Logo eng.foodlobers.com
Recipes

How to cook shurpa at the stake

How to cook shurpa at the stake
How to cook shurpa at the stake

Video: Shurpa from mutton! Recipe! 2024, July

Video: Shurpa from mutton! Recipe! 2024, July
Anonim

Shurpa is an oriental lamb dish with vegetables. It is a fragrant, rich broth in which vegetables and meat are cooked. The last when serving shurpa on the table act as a side dish. Broth, vegetables and meat are always served separately, in different dishes. Shurpa is especially tasty when cooked in a pot on a fire. In this case, it comes out unusually fragrant and tender.

Image

Pick your recipe

You will need

    • On a five-liter cauldron:
    • 1 kg of fresh mutton;
    • 100 fat tail fat;
    • 1 kg of onions;
    • 4 medium carrots;
    • 2 eggplants;
    • 500 g of fresh tomatoes;
    • 1 kg of potatoes;
    • 4 bell peppers;
    • 5 l of water;
    • Bay leaf
    • greens
    • salt
    • black pepper peas;
    • spices - zira
    • barberry
    • ground coriander.
    • For marinade:
    • 500 g of vinegar;
    • 500 g of water;
    • sugar
    • salt to taste.

Instruction manual

1

Prepare a cauldron, hang it over a fire and melt fat tail fat in it.

2

Rinse the lamb and cut into medium pieces. Fry the meat with spices over a fire until crusted. It will take 20 minutes. Take the pieces of lamb from the cauldron. For shurpa it is necessary to take the vertebral part of the ram.

3

Cut the whole carrot and only half the onion into small cubes and fry them in a cauldron with fat tail fat until soft. Return the fried lamb to the cauldron.

4

Add chopped tomatoes, eggplant and bell pepper and continue to simmer.

5

Prepare the onion dressing. To do this, chop the remaining half of the onion with a long, thin straw, salt it, mix. Squeeze the onions with your hands and pour the marinade: mix water, sugar and vinegar. Pickled onions are an essential component of shurpa.
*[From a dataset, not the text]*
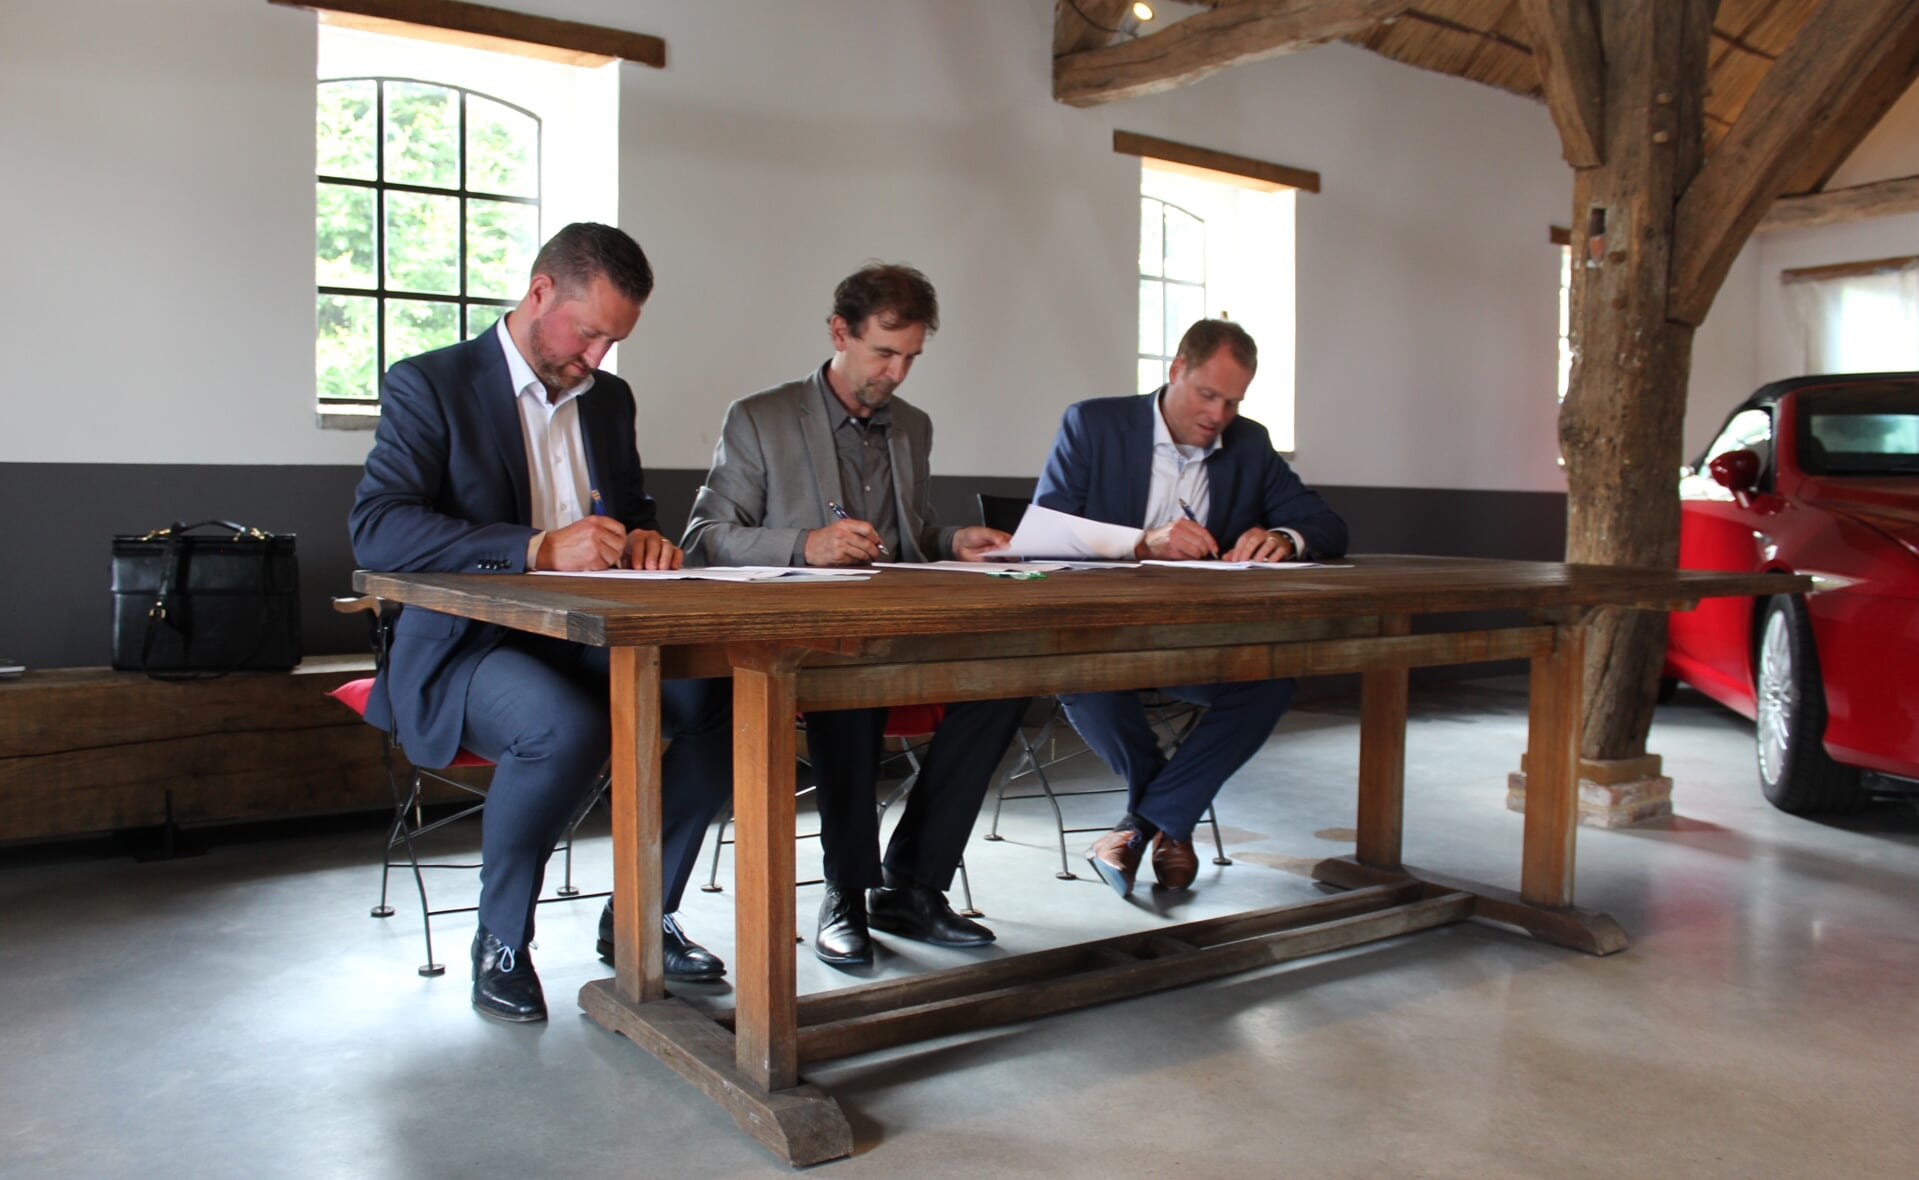 In boerderij Den Eijngel zetten John van der Doelen (Hazenberg), wethouder Peter van de Wiel (gemeente Boxtel) en Mark van Doorn (Janssen de Jong) woensdag hun handtekening onder de overeenkomst voor woningbouwproject Achter Den Eijngel.

He will give her a slight sourness and split the layer of fat tail fat.

6

Pour water into the cauldron and simmer the shurpa for about two hours under the lid. At the first boil, remove the foam. The fire around the fire should be small. At the end of cooking, add potatoes, cut large enough, peppercorns and bay leaf. Cook another 20 minutes until the potatoes are ready. Salt to taste. The final chord will be spices - a pinch of rubbed zira in the palms, a few leaves of basil, a little ground coriander.

7

Serve the prepared shurpa on the table as follows: pour the broth into bowls, and put the meat and vegetables in separate plates. Be sure to add pickled onions to this dish. It should be added directly to the bowl with the broth and sprinkled with finely chopped herbs.

note

Never cook shurpa for more than four hours.

Only fresh meat is suitable for this dish. Even with well-stored frozen lamb, you will never get such a bright taste as with fresh.

Useful advice

If you put meat in one shurpa in one piece, and not cut it, it will have a more intense aroma and taste.